Start of Provided data

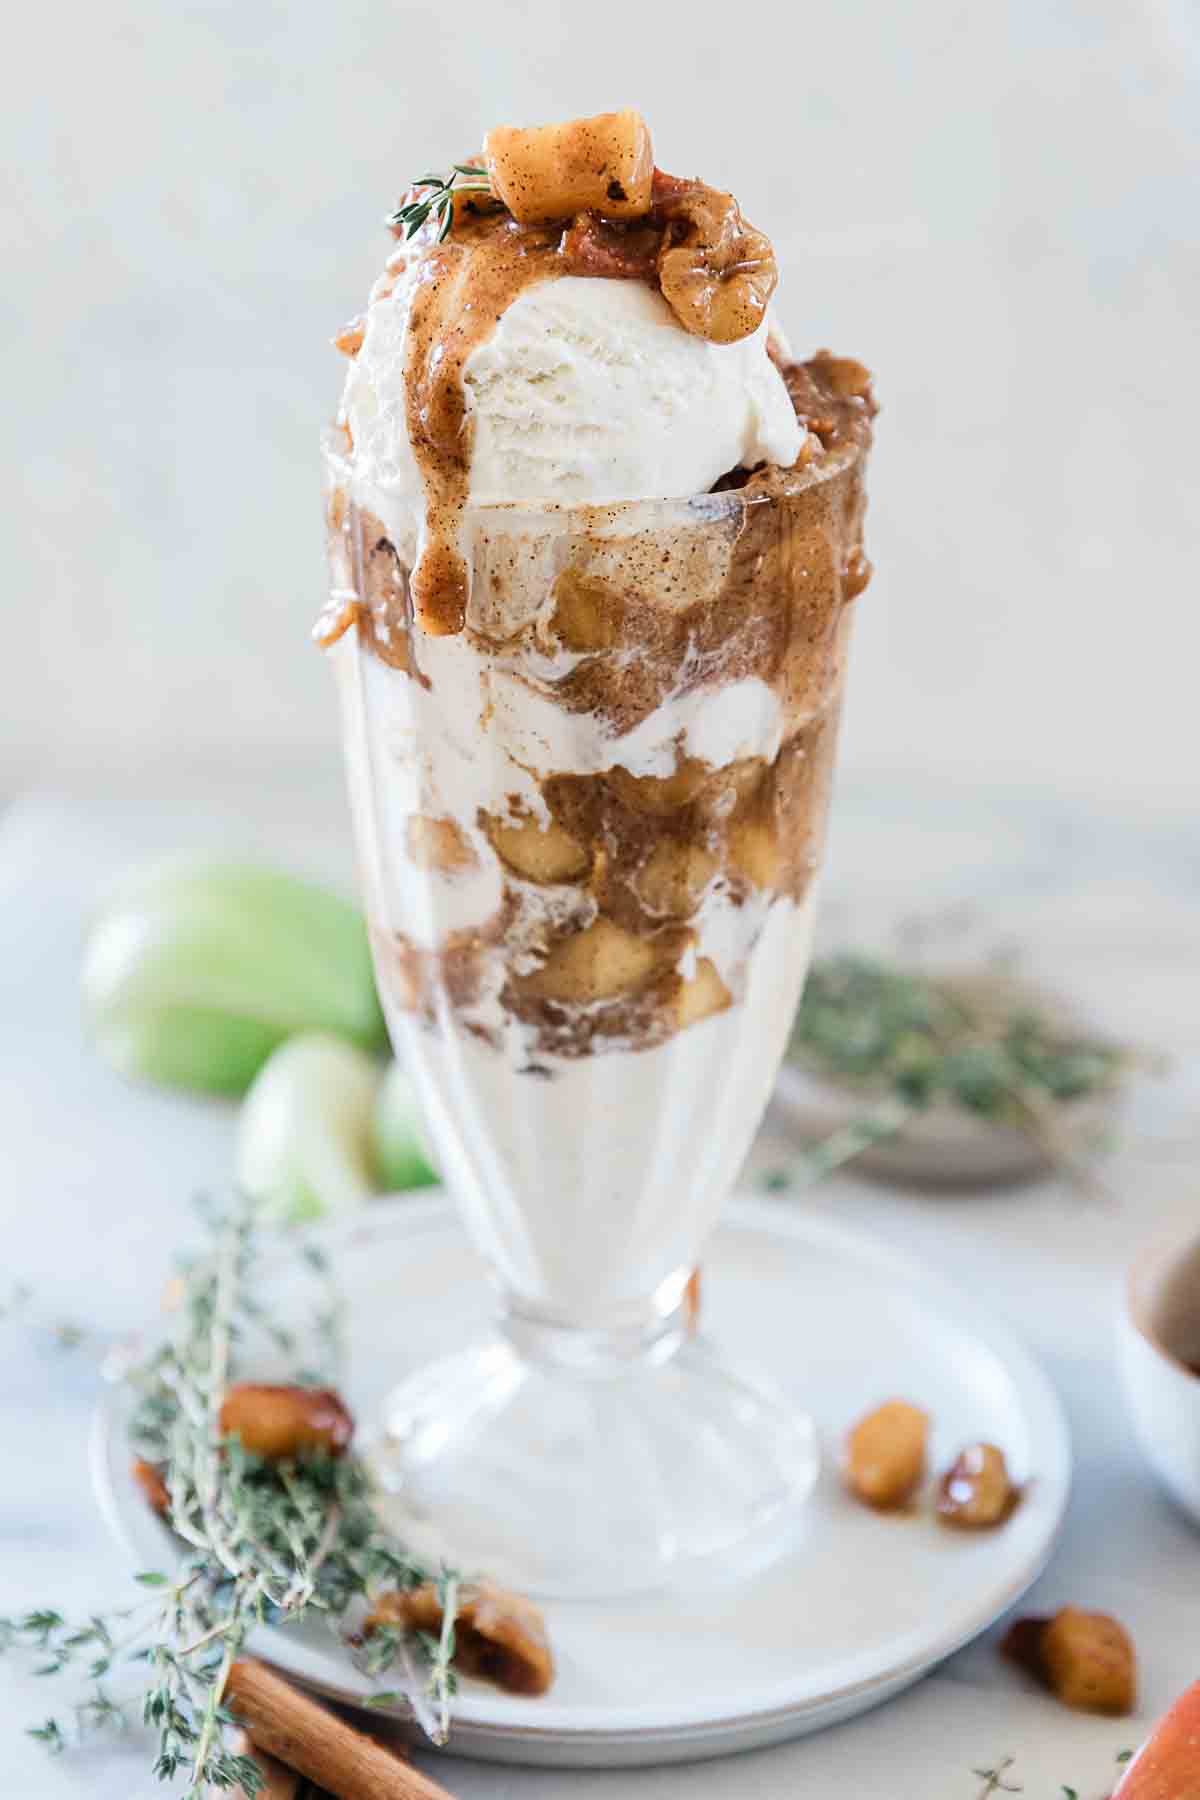 Ice cream in a sundae glass topped with cinnamon apples recipe.
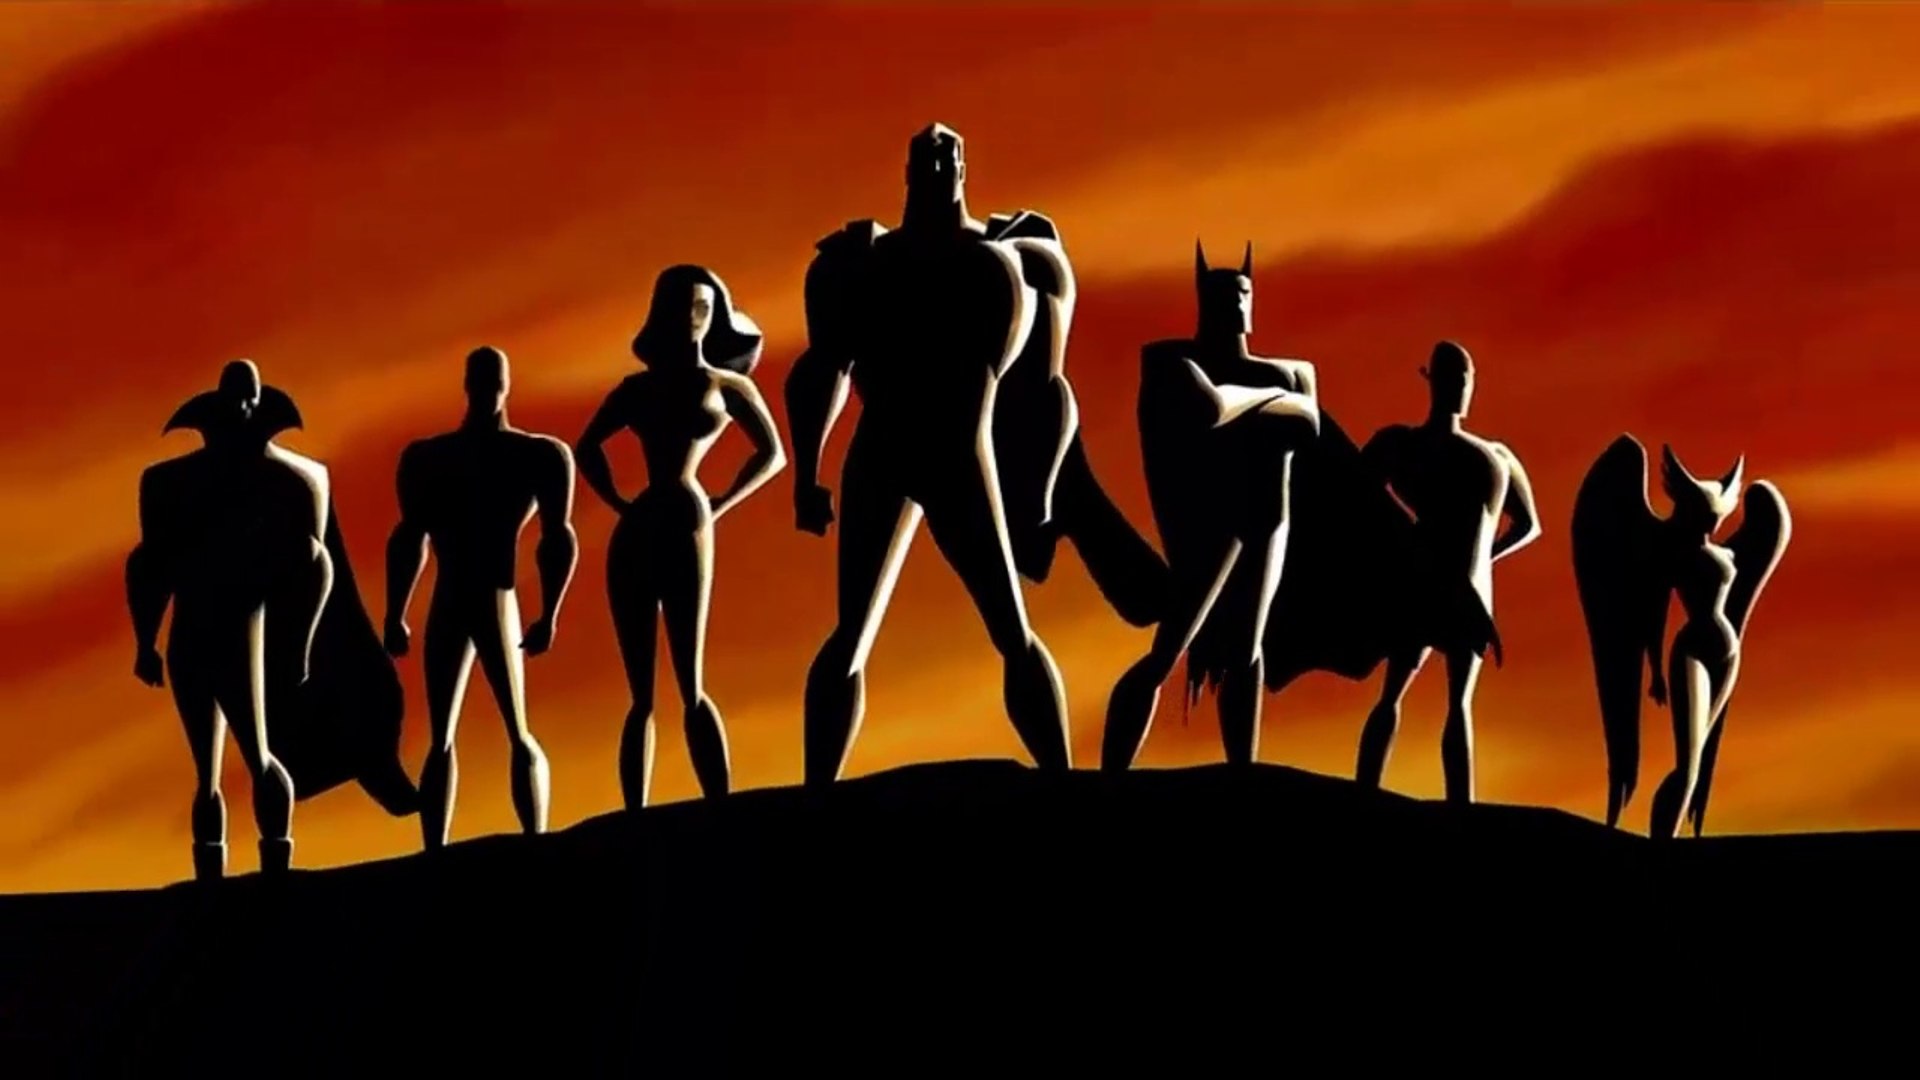 Justice League: Injustice for All
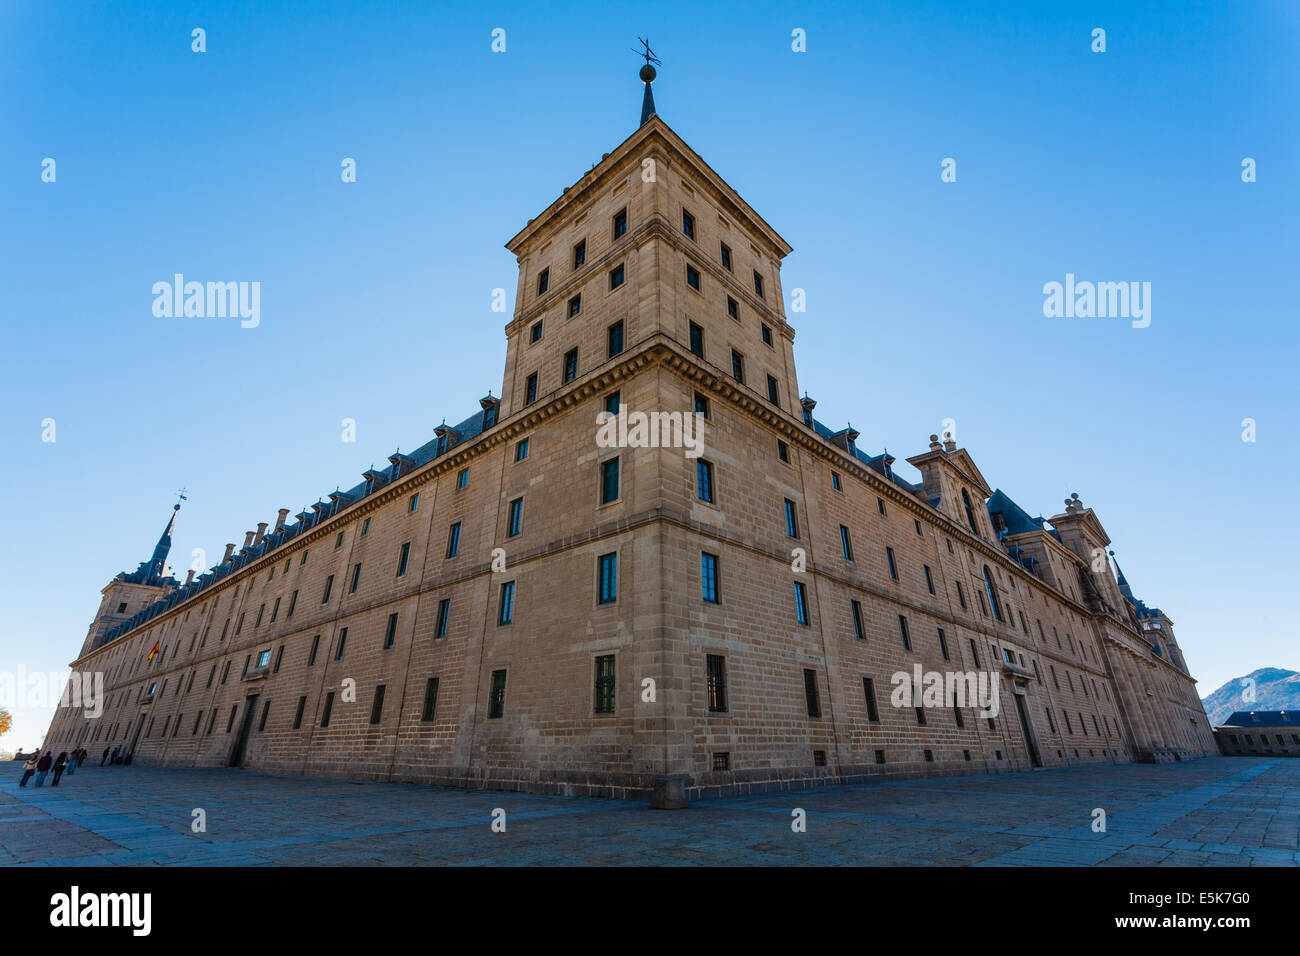 Full view of San Lorenzo de El Escorial Royal Site  taken from the big outdoors square showing its enormous structure Stock Photo

End of Provided data

• **Activity**
Write out each line of the data exactly; the images should be left out.

• **Exercise output**
 Ice cream in a sundae glass topped with cinnamon apples recipe.
 Justice League: Injustice for All
 Full view of San Lorenzo de El Escorial Royal Site  taken from the big outdoors square showing its enormous structure Stock Photo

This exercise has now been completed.